The media and the public may also be able to obtain records in a “near fatality,” as was the case with Joetta and Steve Sells whose granddaughter was found starving, malnourished and weighing only 40 pounds.

DCS Records obtained by Call 6 Investigates showed in 2011, the Indiana Department of Child Services investigated Steve and Joetta Sells of Anderson for child neglect, but did not find enough evidence to substantiate a case against the couple.

Broden said DCS records can be critical to learning more about how to prevent child abuse and neglect deaths.

The senator told Call 6 Investigates the current definition of “near fatality” is meaningless.

Senate Bill 131 would change the definition to a “severe childhood injury or condition that is certified by a physician as being life threatening.”

The legislation also defines life threatening as being categorized as “serious” or “critical” in hospital records or if the condition results in critical care treatment for at least 24 hours following a child’s admission to a critical care unit. “It certainly broadens what we have,” said Broden.

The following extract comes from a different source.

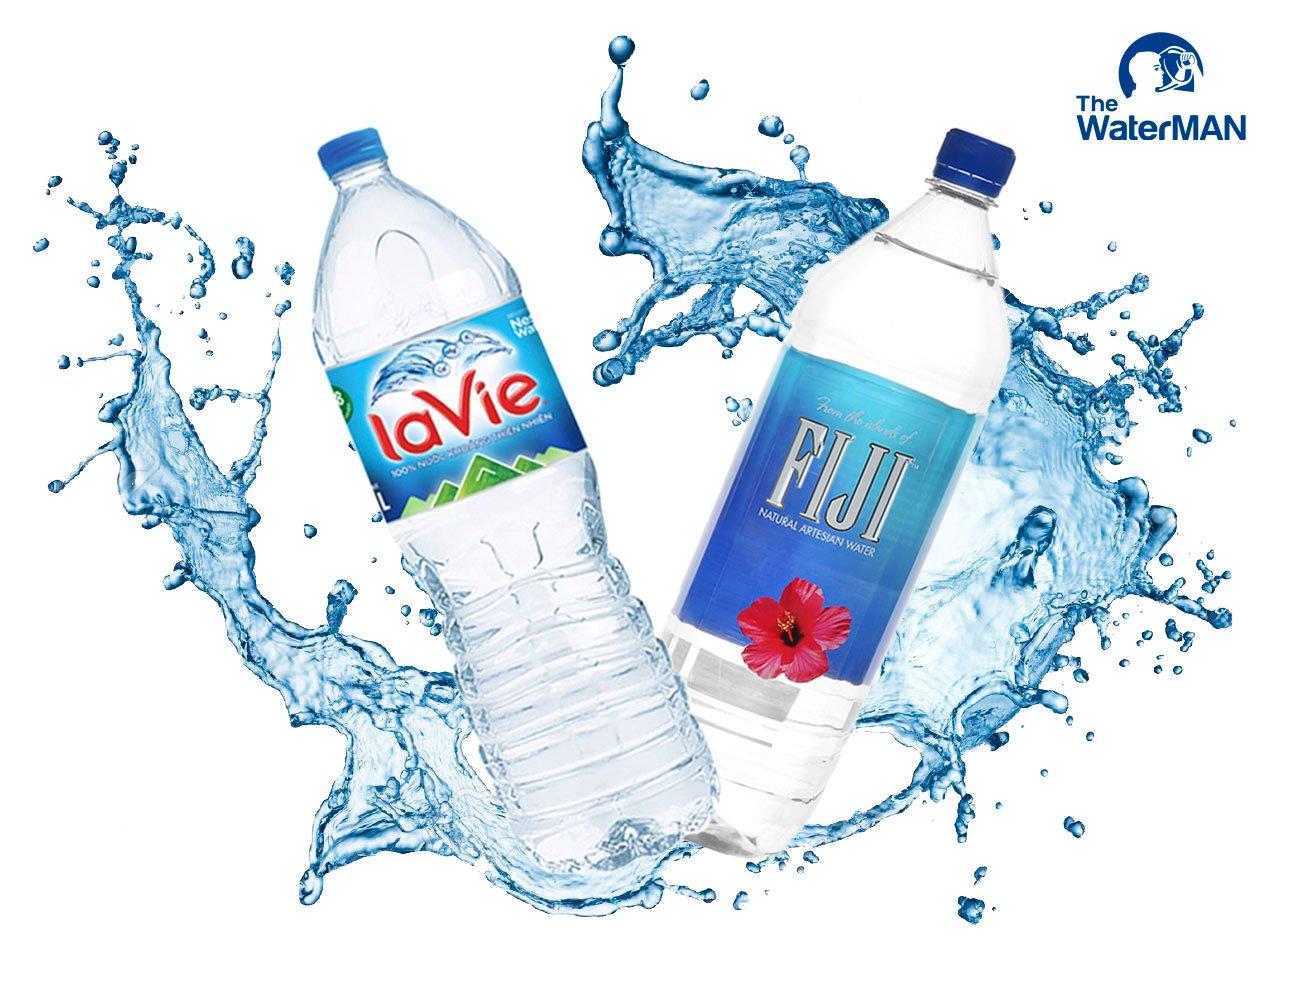 Nước khoáng Lavie và FIJI có gì khác biệt?

Broden said he’s aware of public records requests that have been denied because they did not meet the definition of “near fatality.”

“The judge denied it, and interpreted the law correctly, but I think the law itself needs to change,” said Broden.

The law requires that DCS assessment files be kept confidential, unless the children can be classified as “near fatality” cases as defined by federal law or DCS policy, according to John Wood, Deputy General Counsel for DCS.

If the case meets certain criteria, DCS sends the files to the juvenile court for review and ultimately be released to the public.

The bill has been assigned to the Family and Children Services Committee. Sen. Ron Grooms (R-New Albany) is the chairman of the committee.

“It is a bill very worthy of consideration,” said Grooms. “It will probably be heard in committee.”

Similar legislation failed to get a hearing last year because the committee ran out of time, according to Grooms.